From the ski turner’s journal |

From the ski turner’s journal

Tim Mutrie

Ten years ago this winter, in Ketchum, Idaho, I was living a ski bum’s existence. It turned out to be an epic season by Sun Valley standards, with weekly installments of dumplings clear through the May 5-ish close. Then the next season, 1995-96, set another benchmark and my season became just another also-ran.But, for me, it’s never been just about the accumulation of inches. The oddities, absolutes and Pineapple Expresses of this life – and, sure, its relation to inch-counts – are more interesting. It’s about perception, too. You see, it’s only as good as you think it is. “It’s all about pre-anticipation and momentum management.” This from Andy Brucker, an air tanker pilot, or slurry bomber, who fights forest fires. He was talking about flying air-tankers in hot, dicey conditions, but I could’ve sworn he was talking about skiing. “The old savage who wanted more than anything else in the world to jump from an airplane and float down to earth in a parachute. ‘Alla same fella bird!’ he used to shout, ecstatically, until one day we took him up and shoved him out.

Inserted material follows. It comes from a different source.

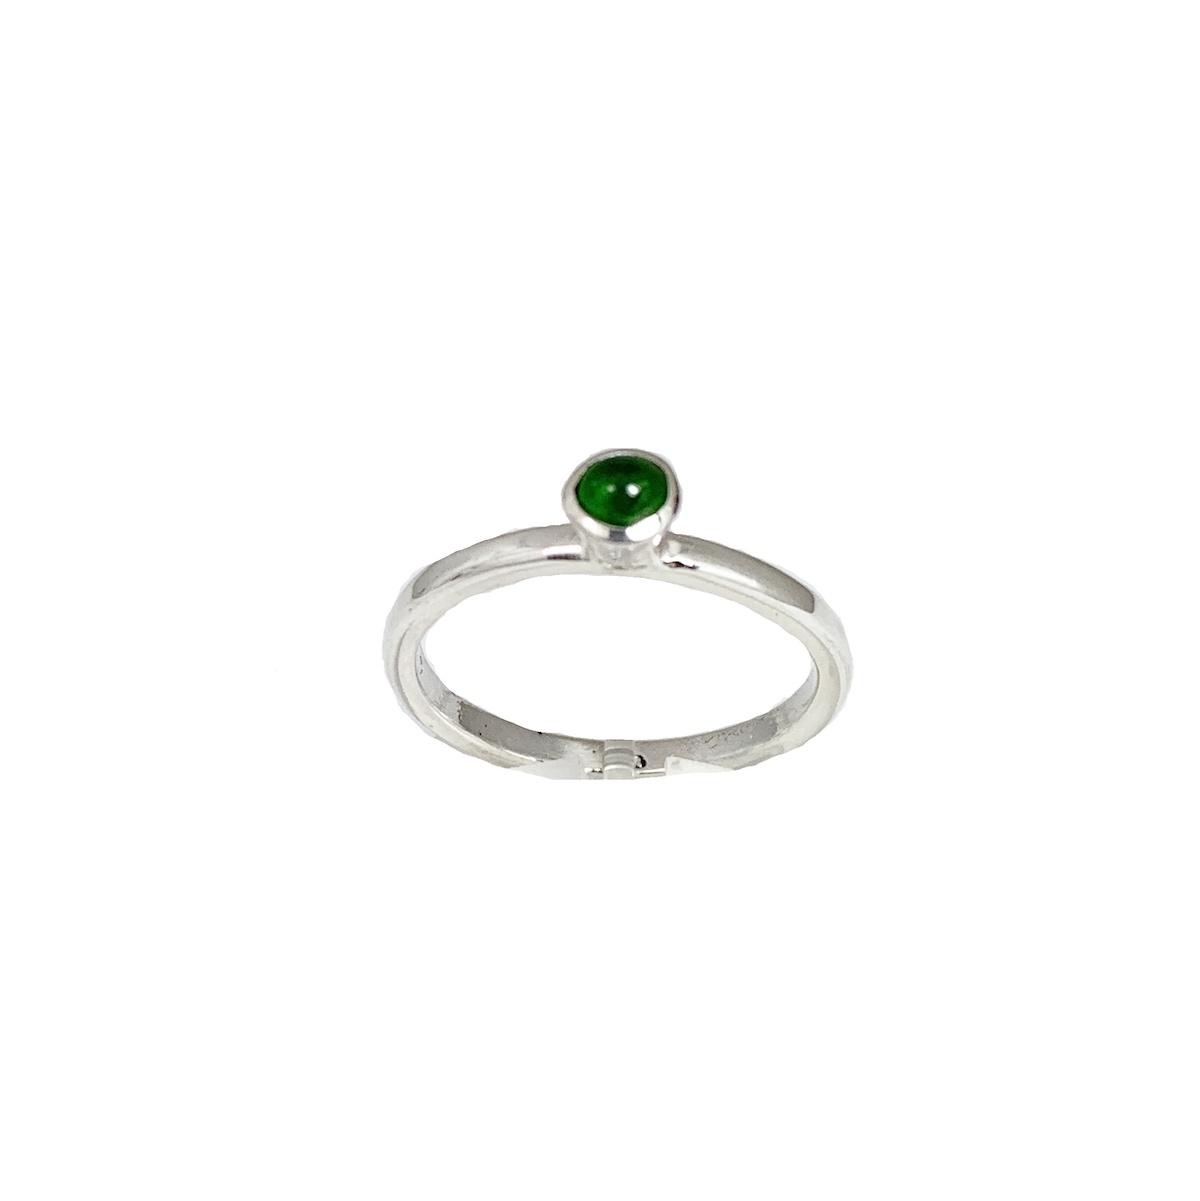 NJ Bali stack rings Green tourmaline
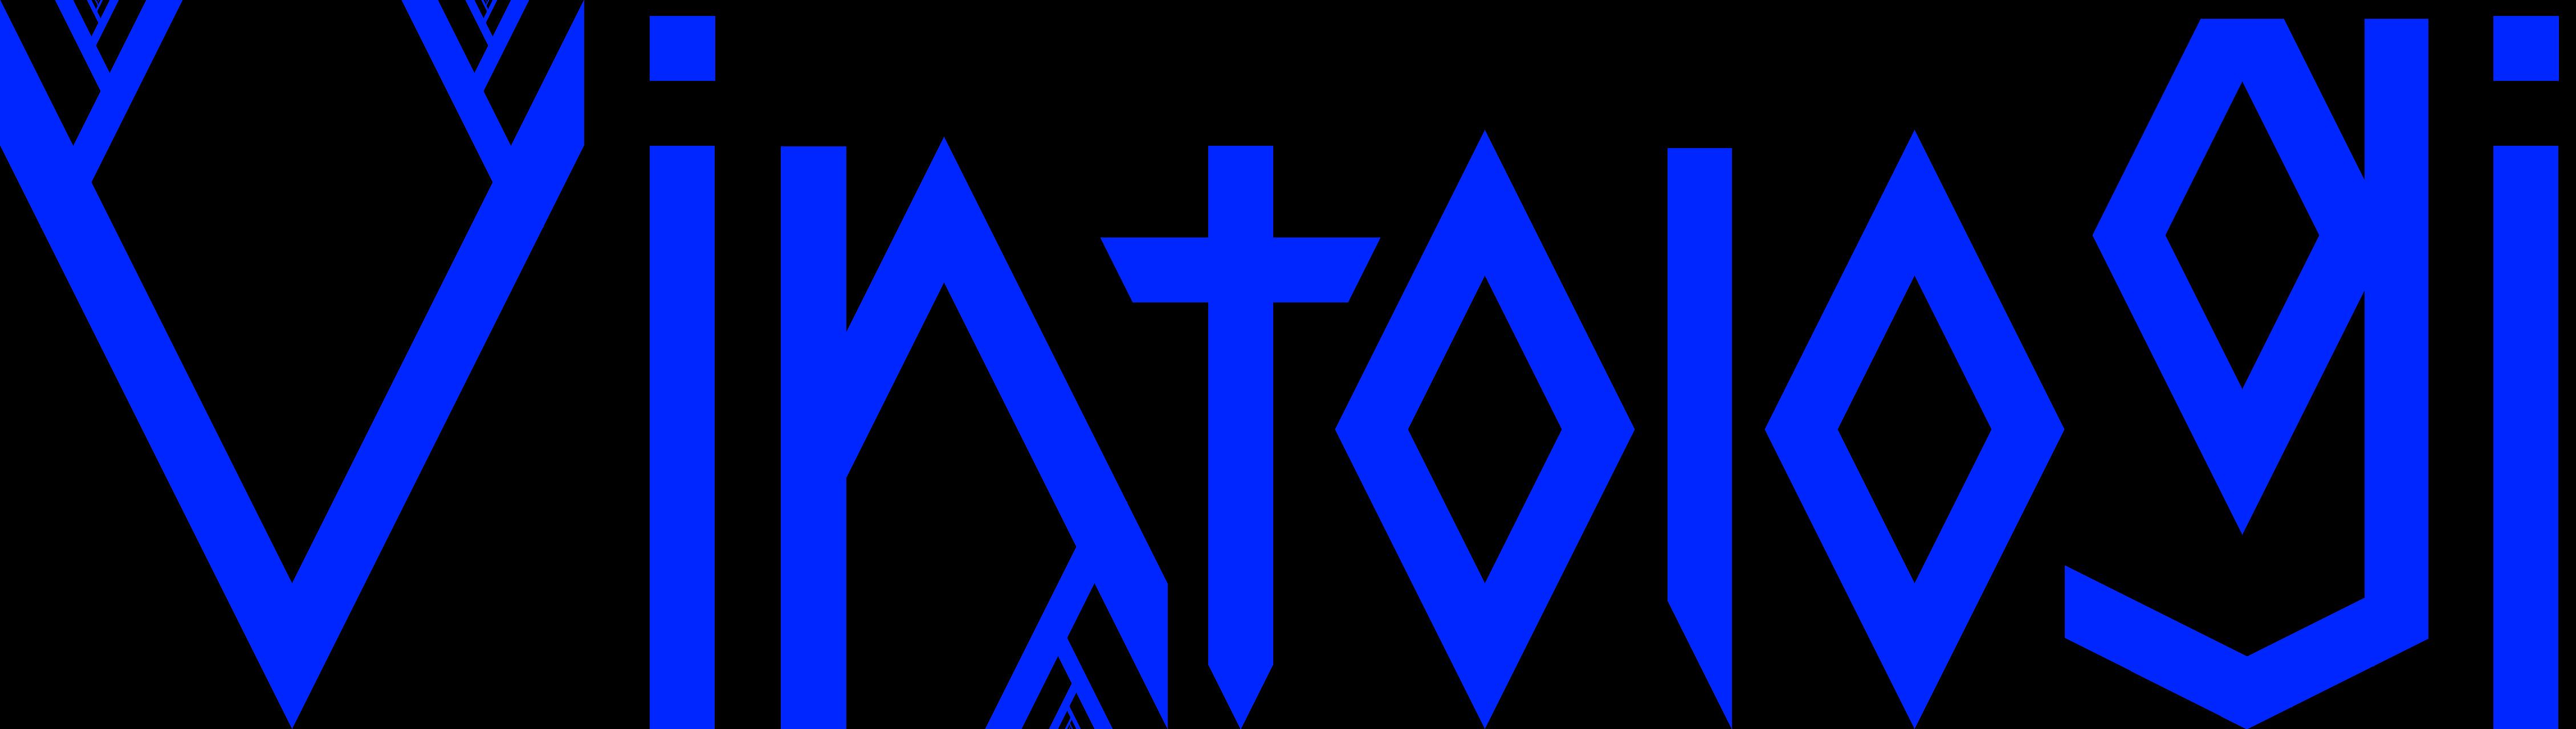 vintologi-logo15.png

Ever afterward he walked in silence among the black men, a soul apart, like one who had discovered things best hidden from humanity.” That’s from James A. Michener’s “Tales of the South Pacific,” published in 1946, and one of the reasons I don’t typically push anyone over any edges. “Breakthroughs appear only when we stop thinking. This nonthinking, spontaneous state in which we let ourselves float in the experience of the moment is what we call ‘skiing out of your mind.’ But like being in love, as soon as we start thinking about how to keep ourselves in this ecstatic state, we lose it. Methodically we then set out to regain our lost sense of mastery by working on our technique, item by item. But the thrill is gone; we are back in the mind.” That’s from a really lame book published in 1977 called “Inner Skiing” by Timothy Gallwey and Bob Kriegel. Don’t sweat it as much as these dudes, and you’ll be fine.